Pettingill notes that DHIs
have significantly improved success rates in frontier basins, but also notes
that they are not in themselves a shortcut to success. They must be used along
with geological interpretation.
“Typical frontier wildcat success rates are 25 percent
without DHIs, and 50 percent and upward with DHIs. In some plays it can be 80
percent.”
DHIs are also being explored for
carbonate reservoirs. Pettingill’s colleague, Rocky Rosen, noted that there are
three areas where DHIs are showing future promise:
· Ocean
bottom node seismic: “It’s very expensive but for imaging-challenged plays like
sub salt, there is nothing better, and the results keep getting better,” said
Roden.
· Full
waveform inversion seismic processing, including elastic FWI (eFWI): “Again,
it’s all about better imaging, and the advancements have been incredible,” he
said.
· Computing
power: “This follows Moore’s Law of integrated circuits, which states that the
semiconductor compute power doubles every two years,” Roden added.

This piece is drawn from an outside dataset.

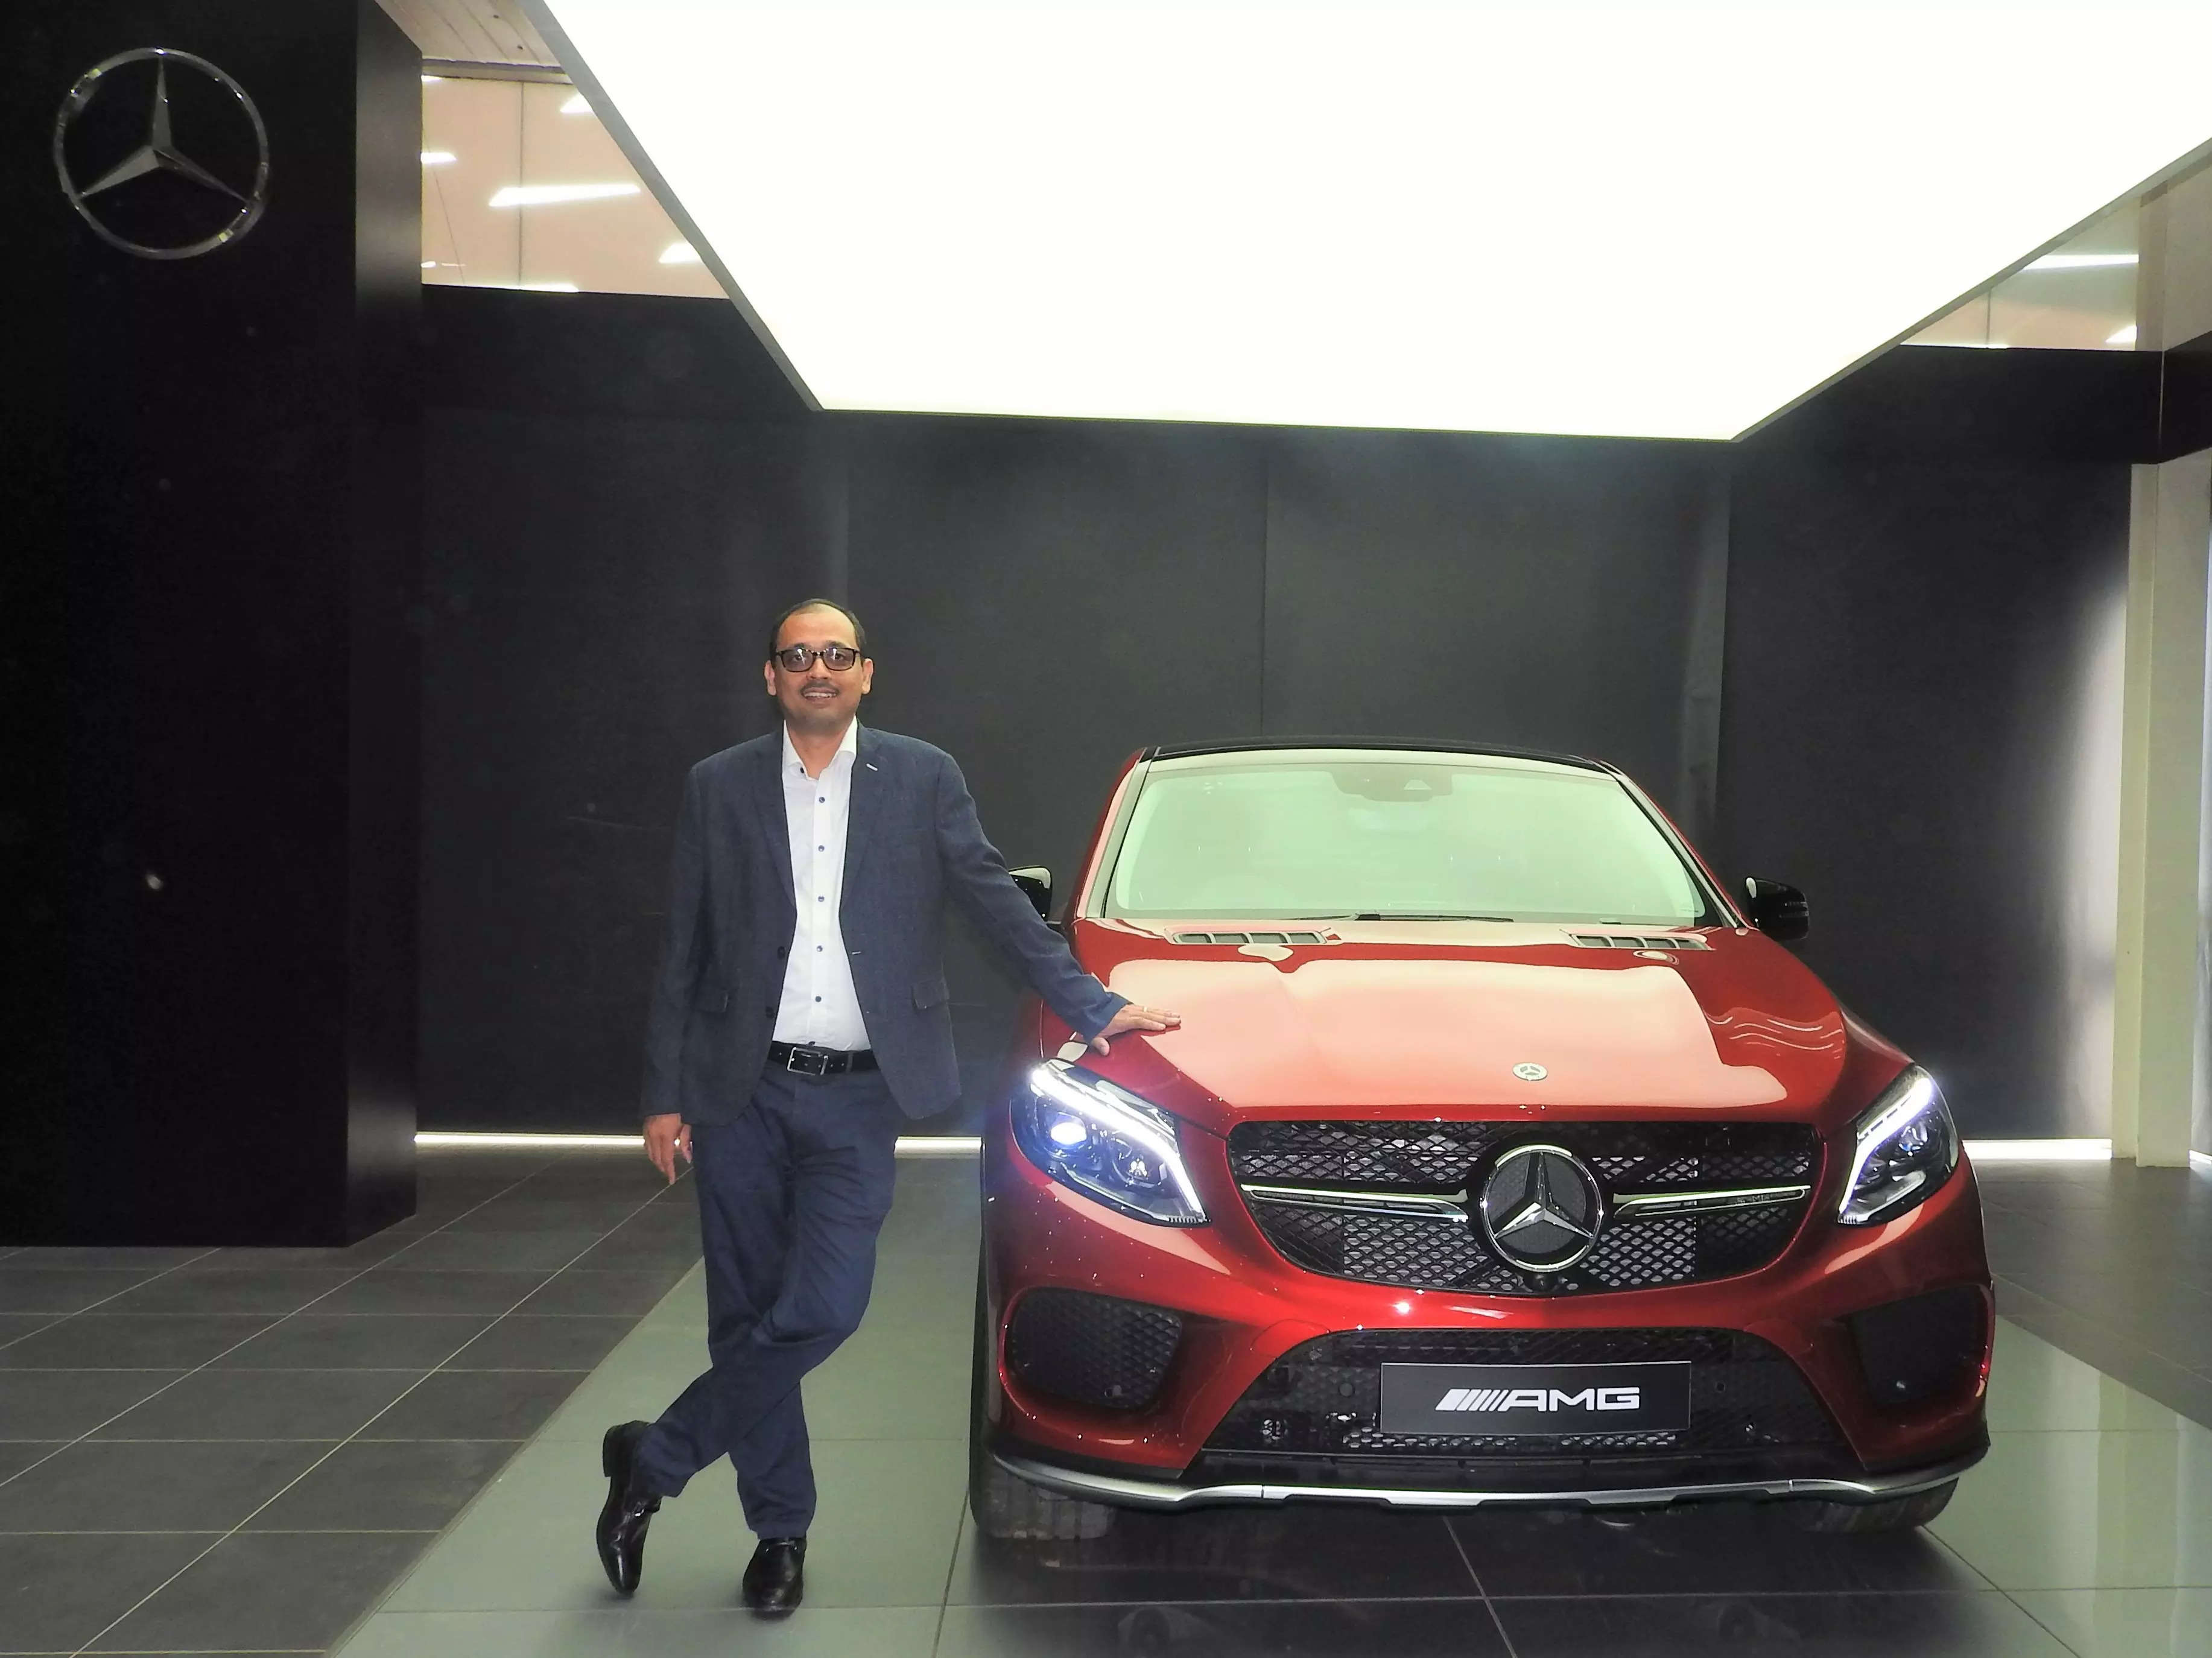  The top seven metros, Delhi, Mumbai, Bengaluru, Chennai, and Hyderabad, are the key markets driving the growth for Mercedes-Benz India, said Santosh Iyer, VP (Sales and Marketing) Mercedes-Benz India,

Geologist Teresa Martins of
Galp, who utilized DHIs in its Mopane discovery in the Orange Basin Offshore Basin offshore
Namibia, which I wrote about just last week – see link.
“Right now, the role of DHIs is shifting from being a
‘cherry on top’ to a quantitative, probabilistic input in full-cycle risk
analysis. Instead of being used as isolated ‘bright spots,’ DHIs are
increasingly embedded in workflows that combine geology, petrophysics, and
seismic attributes to generate predictive, statistically backed models of
reservoir presence and quality.”
Basically, improved imaging,
processing, AI integration, and overall exploration modeling is leading to the
ability to see DHIs in prospects where they could not be seen before, which
suggests that more prospects will be amenable to DHI analysis as time goes on.
The ability to better image sub-salt plays, in particular, is a breakthrough.
“Future breakthroughs, {Pettingill} believes, will
include continued resurgence of onshore DHIs, subsalt DHIs, dim spots and other
subtle DHIs, electromagnetic surveying in appropriate setting, advances in
seismic acquisition and processing and, that elephant in the room – AI/ machine
learning.”
References:
How
DHIs Are Driving Giant Discoveries. Barry Friedman. AAPG Explorer. July 2025. How DHIs Are Driving Giant
Discoveries
Direct
hydrocarbon indicators. Society of Exploration Geophysicists (SEG) Wiki. Direct hydrocarbon indicators - SEG
Wiki
Direct
Hydrocarbon Indicators. Sage. Earthscope. National Science Foundation. Direct Hydrocarbon Indicators-
Incorporated Research Institutions for Seismology
Integrated
and improved direct hydrocarbon indicators: A step forward in petroleum risk discrimination.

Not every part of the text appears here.